Creamy textures and the rich, nutty taste of peanut butter come together in this Amish Peanut Butter Cream Pie, making it a wonderful treat. This pie is a delicious example of the Amish heritage of simple, home-style cuisine, which is well-known among those who live in the Amish villages. Making this pie is an adventure into authentic Amish cooking and a demonstration of the calming and fulfilling power of homemade dessert. This pie has a silky, delicious filling that will be the talk of the town, making it ideal for peanut butter connoisseurs.

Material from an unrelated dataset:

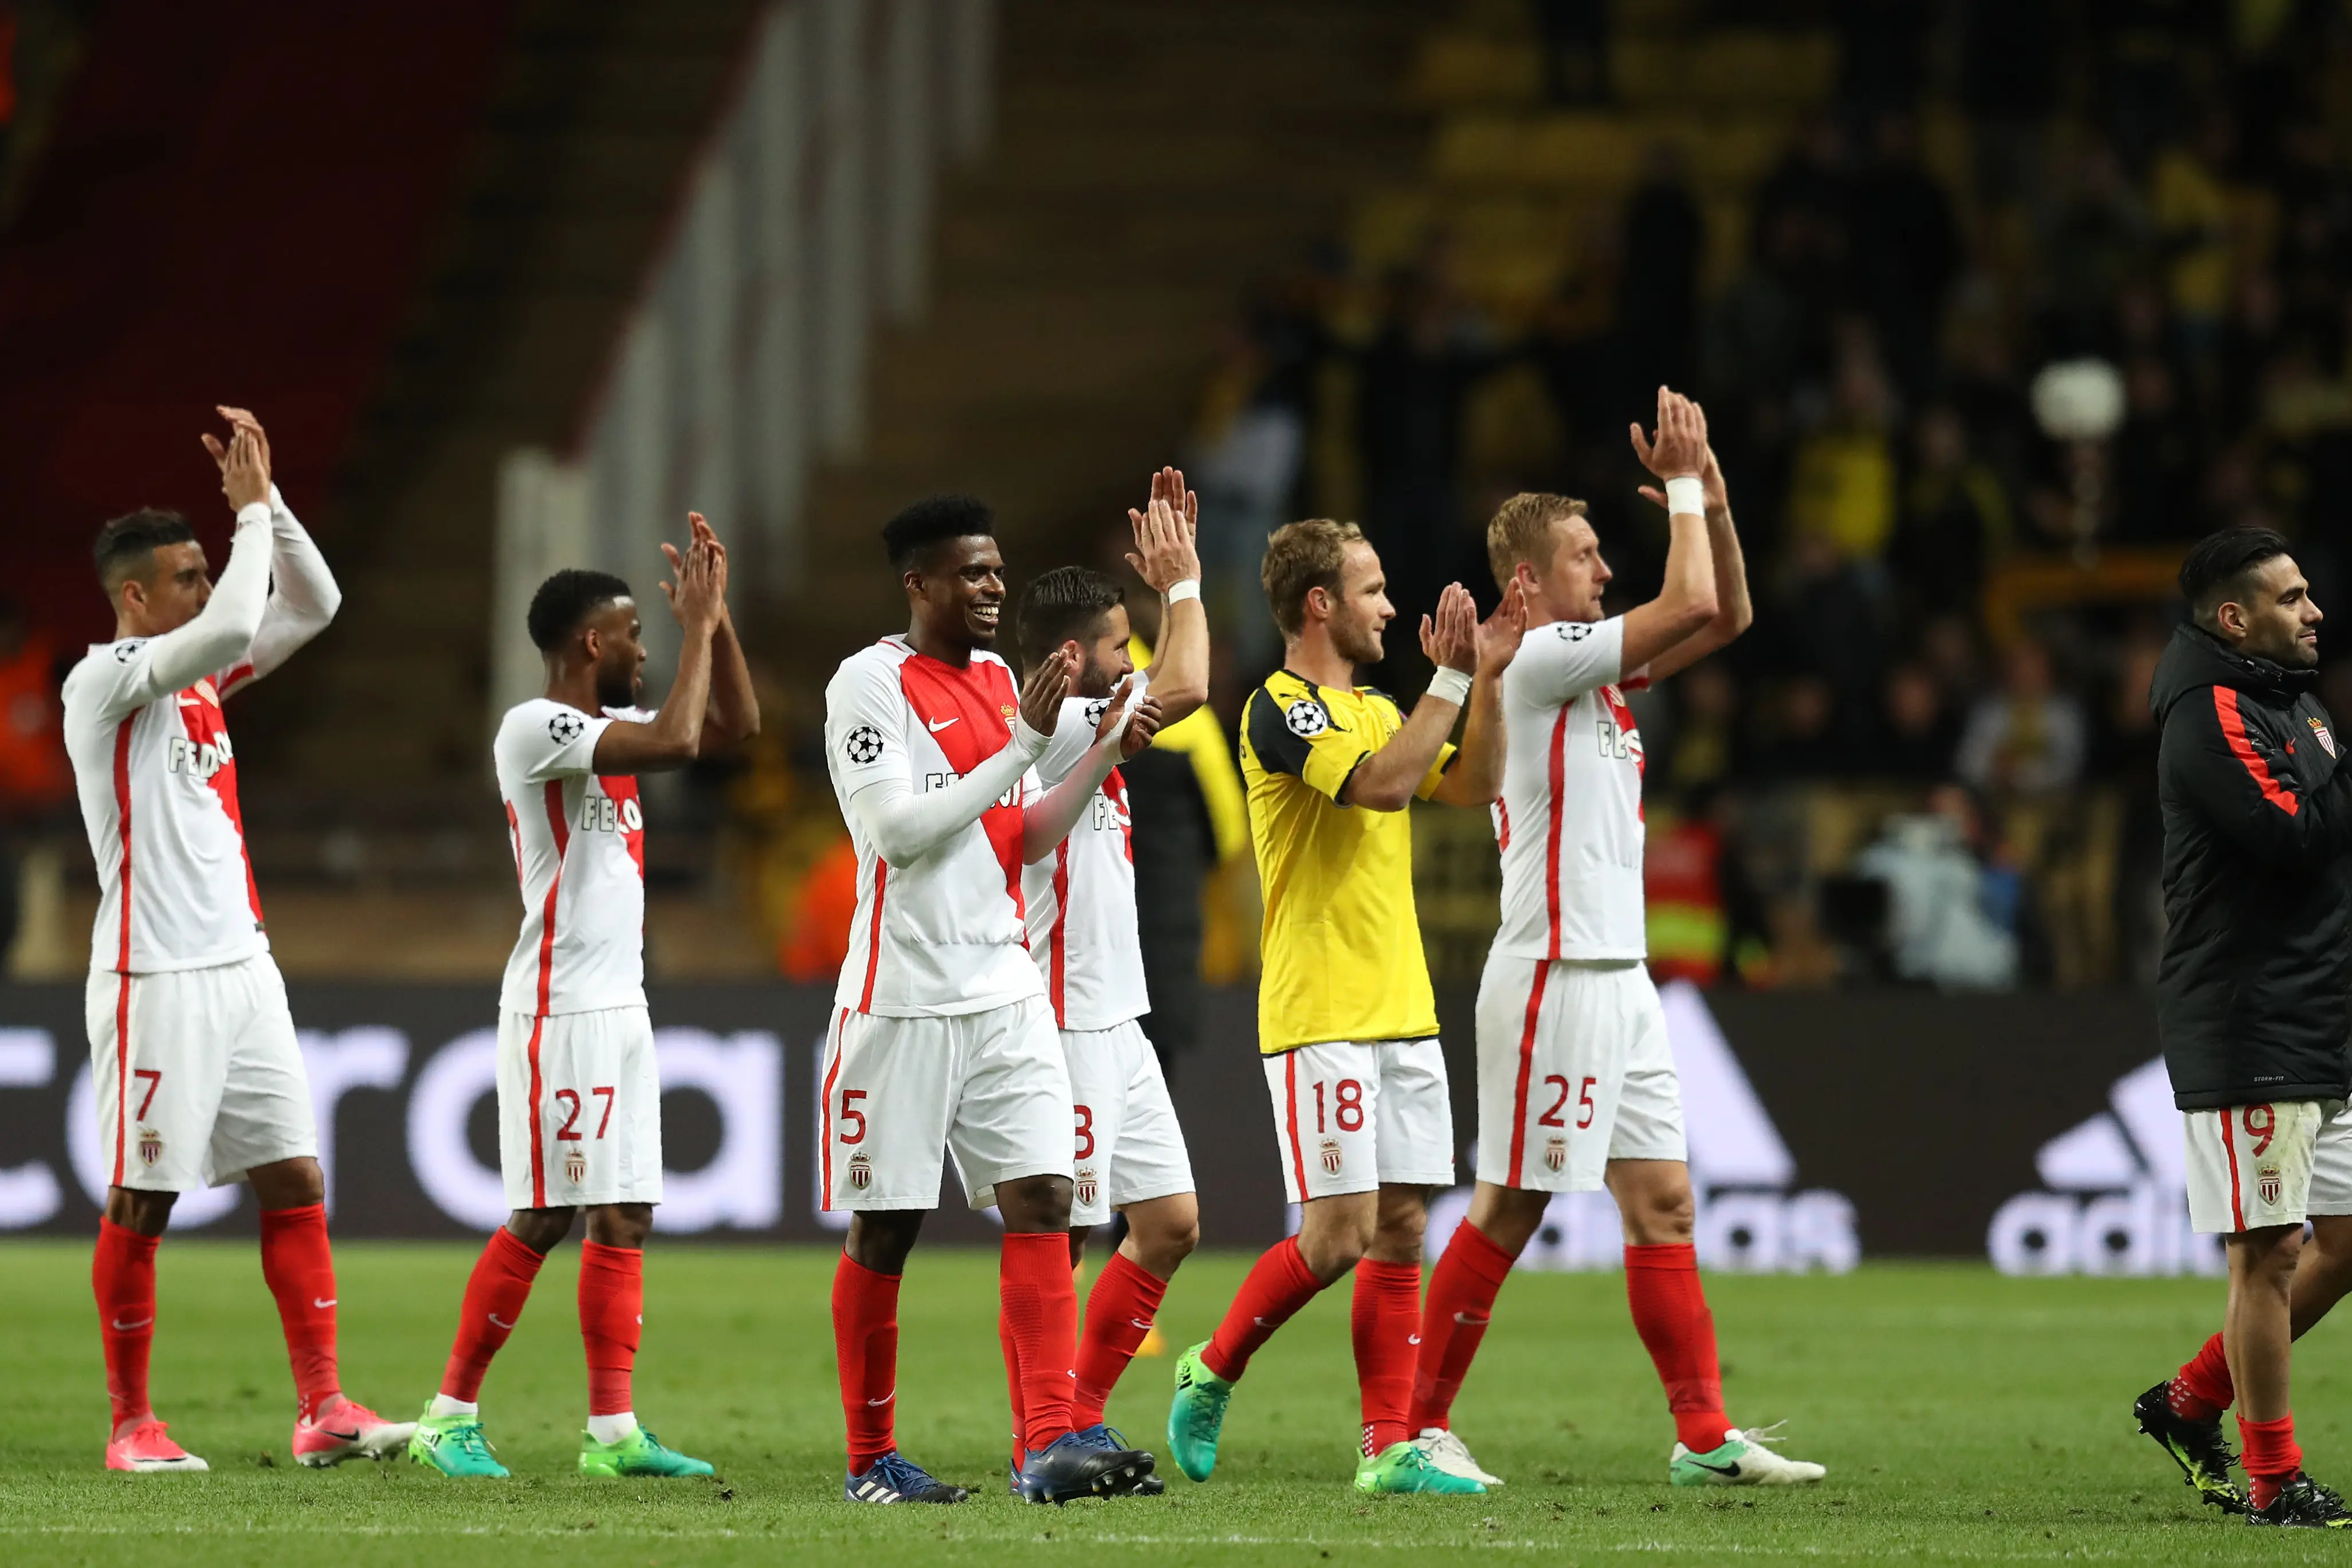 Kebahagiaan para pemain AS Monaco usai memastikan diri ke semifinal Liga Champions 2016/2017. (Valery HACHE / AFP)

If you want to top this pie with something creamy, like whipped cream or vanilla ice cream, that would be perfect. Pair it with a tangy fruit salad or a steaming mug of coffee for a little contrast to cut through the richness. A pleasant companion might also be a light and crisp green tea.

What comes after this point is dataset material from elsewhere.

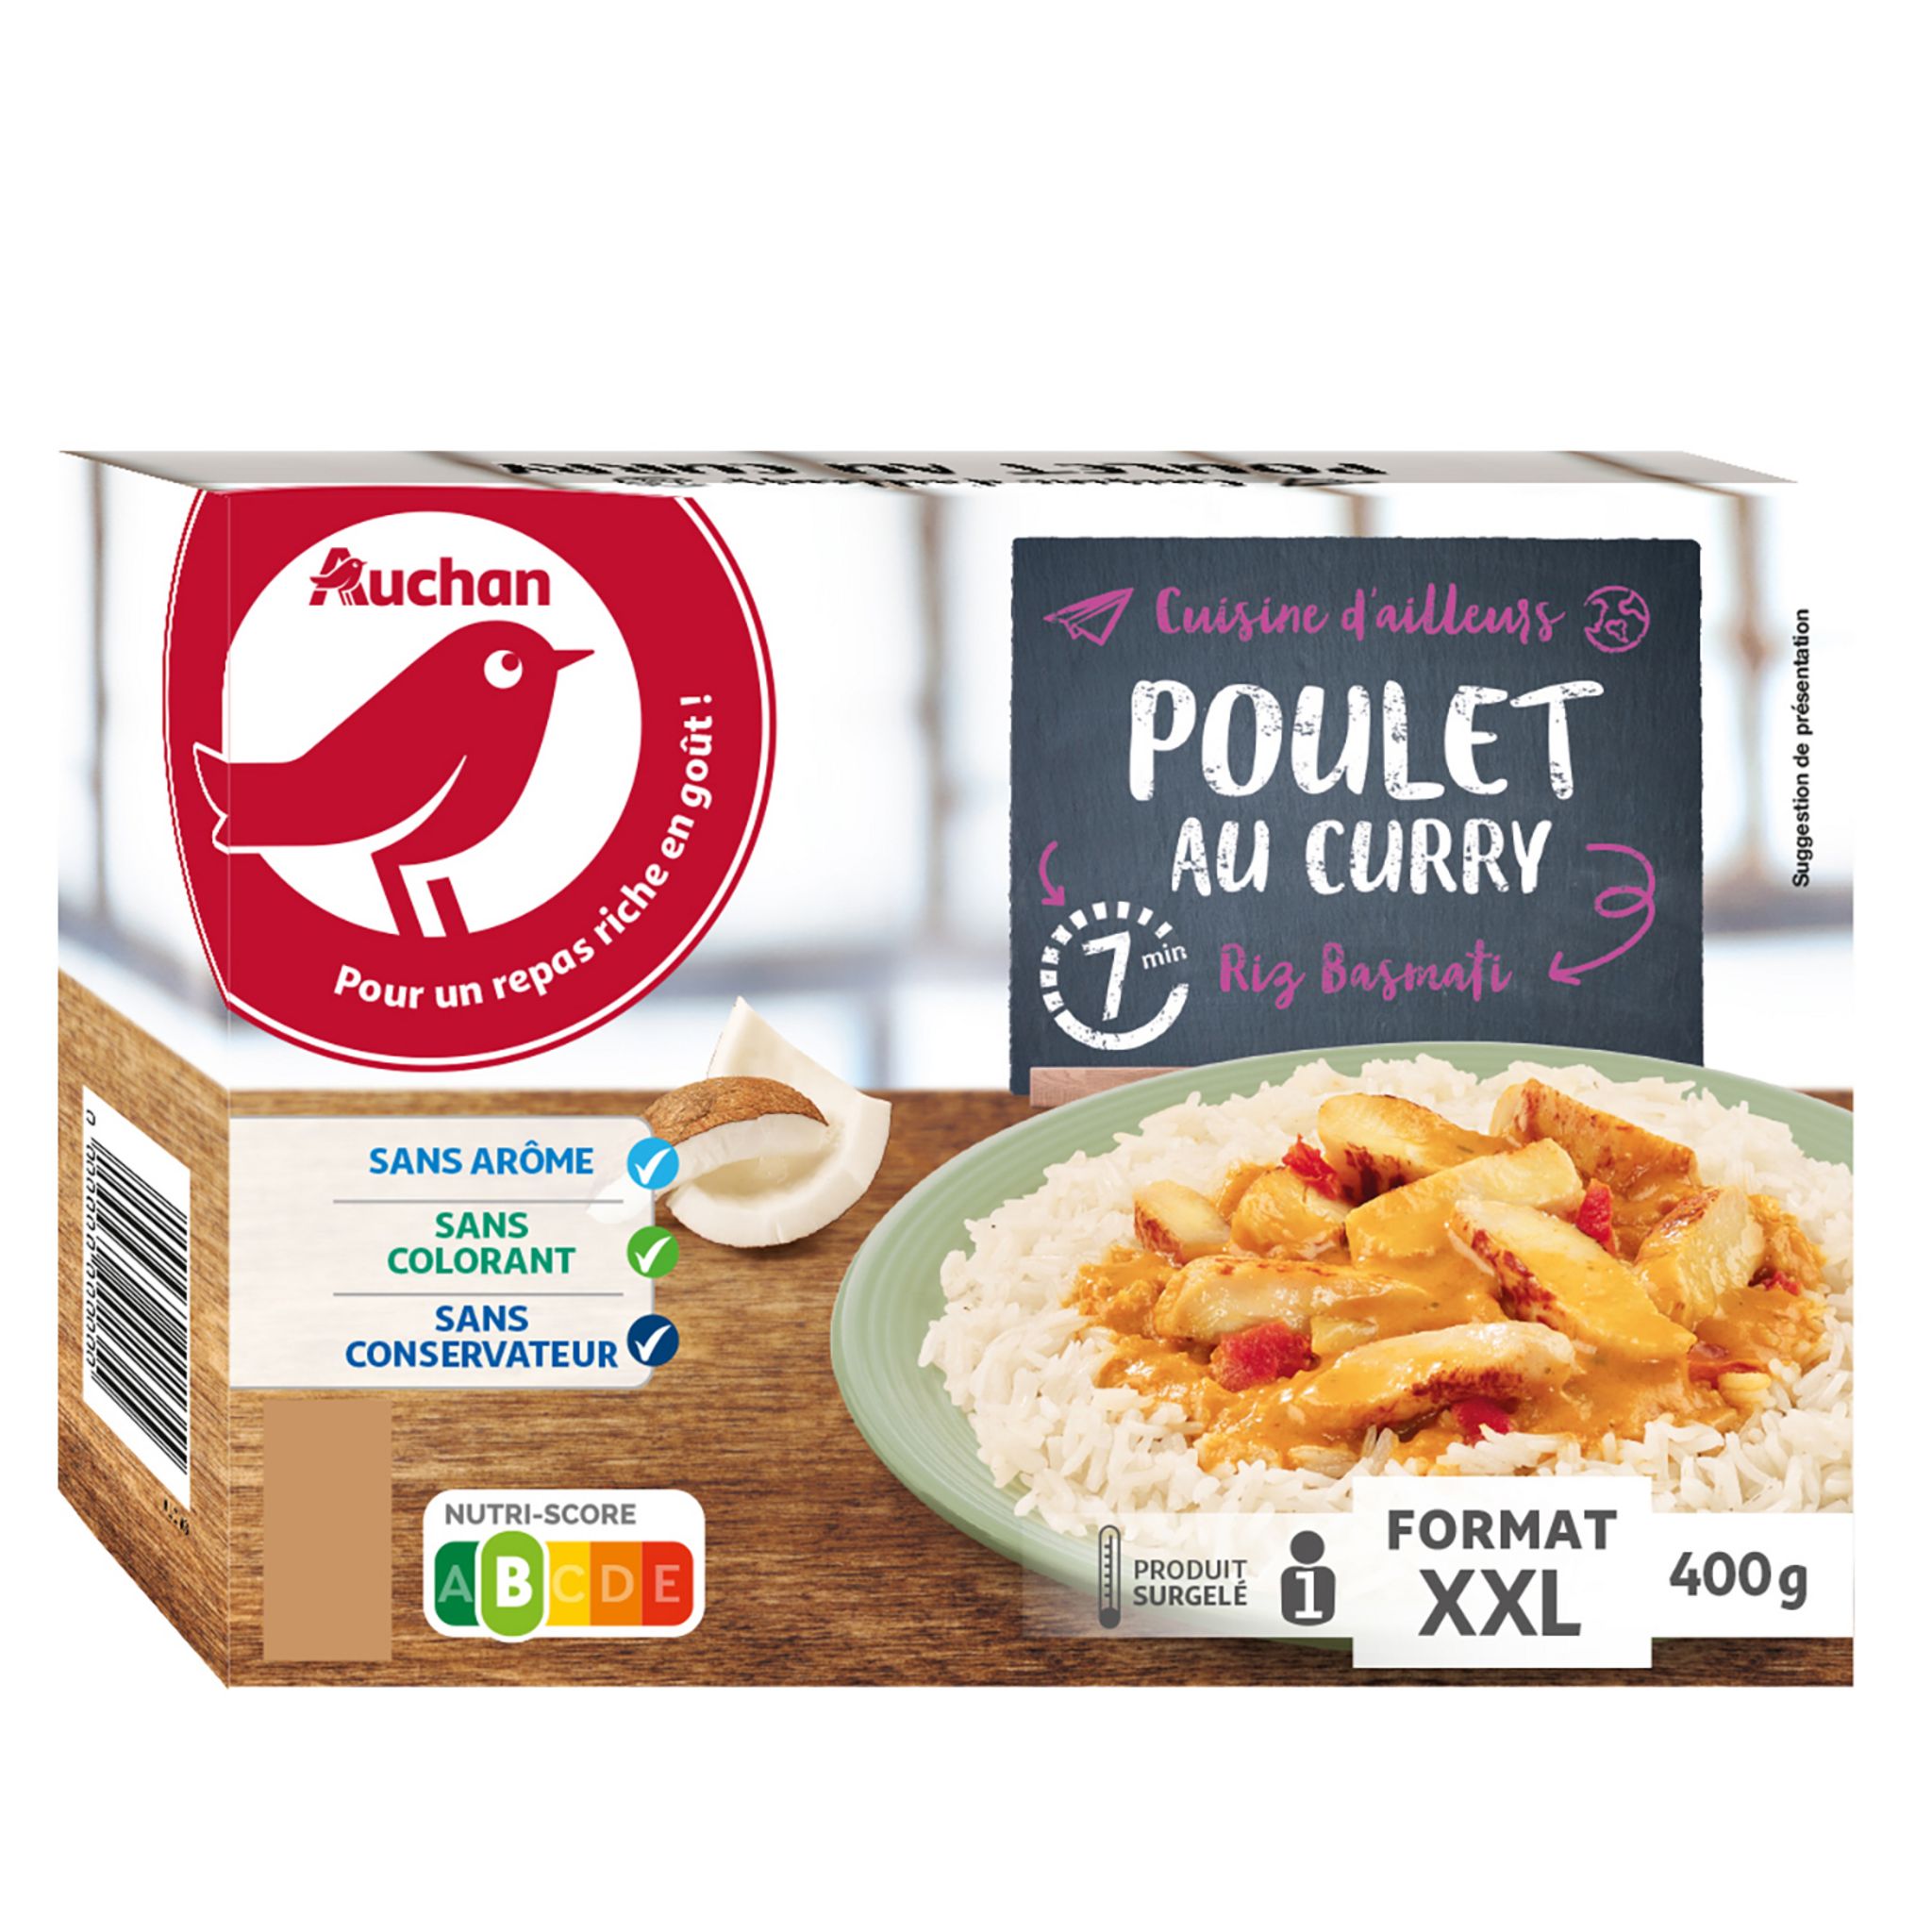 Riz & poulet curry - 4 personnes - Primeur Express - Le marché qui

Amish Peanut Butter Cream Pie Recipe

Ingredients:

  • 1 baked 9-inch pie crust
  • 1/2 cup all-purpose flour
  • 1 cup granulated sugar
  • 1/2 teaspoon salt
  • 2 cups whole milk
  • 3 egg yolks, beaten
  • 1/2 cup creamy peanut butter
  • 2 tablespoons unsalted butter, softened
  • 1 teaspoon vanilla extract
  • 1 cup heavy whipping cream
  • 2 tablespoons powdered sugar
  • (Optional) Chopped peanuts or chocolate shavings for garnish

Instructions:

  1. In a medium saucepan, combine the flour, granulated sugar, and salt.
  2. Gradually stir in the milk, mixing well to ensure there are no lumps.
  3. Bring the mixture to a boil over medium heat, stirring constantly until it thickens. Continue cooking and stirring for an additional minute.
  4. Remove from heat and slowly whisk a small amount of the hot mixture into the beaten egg yolks to temper them. Then, return everything to the saucepan.
  5. Cook over low heat, stirring constantly, for another 2 minutes.
  6. Quickly remove from heat and stir in the peanut butter, softened butter, and vanilla extract until well combined.
  7. Pour the filling into the cooled pie crust and let it cool to room temperature.
  8. Once cooled, refrigerate the pie for at least 3 hours, or until it is set.
  9. Just before serving, whip the heavy cream and powdered sugar together until soft peaks form.
  10. Top the pie with the whipped cream and, if desired, garnish with chopped peanuts or chocolate shavings.

Variations and Tips:

  • For a unique twist, try using a graham cracker or chocolate cookie crust instead of a traditional pie crust.
  • Add a layer of melted chocolate to the peanut butter mixture before filling the crust for a visually striking and delicious layered effect.
  • Enhance the flavor by adding sliced bananas to the crust before pouring in the peanut butter filling.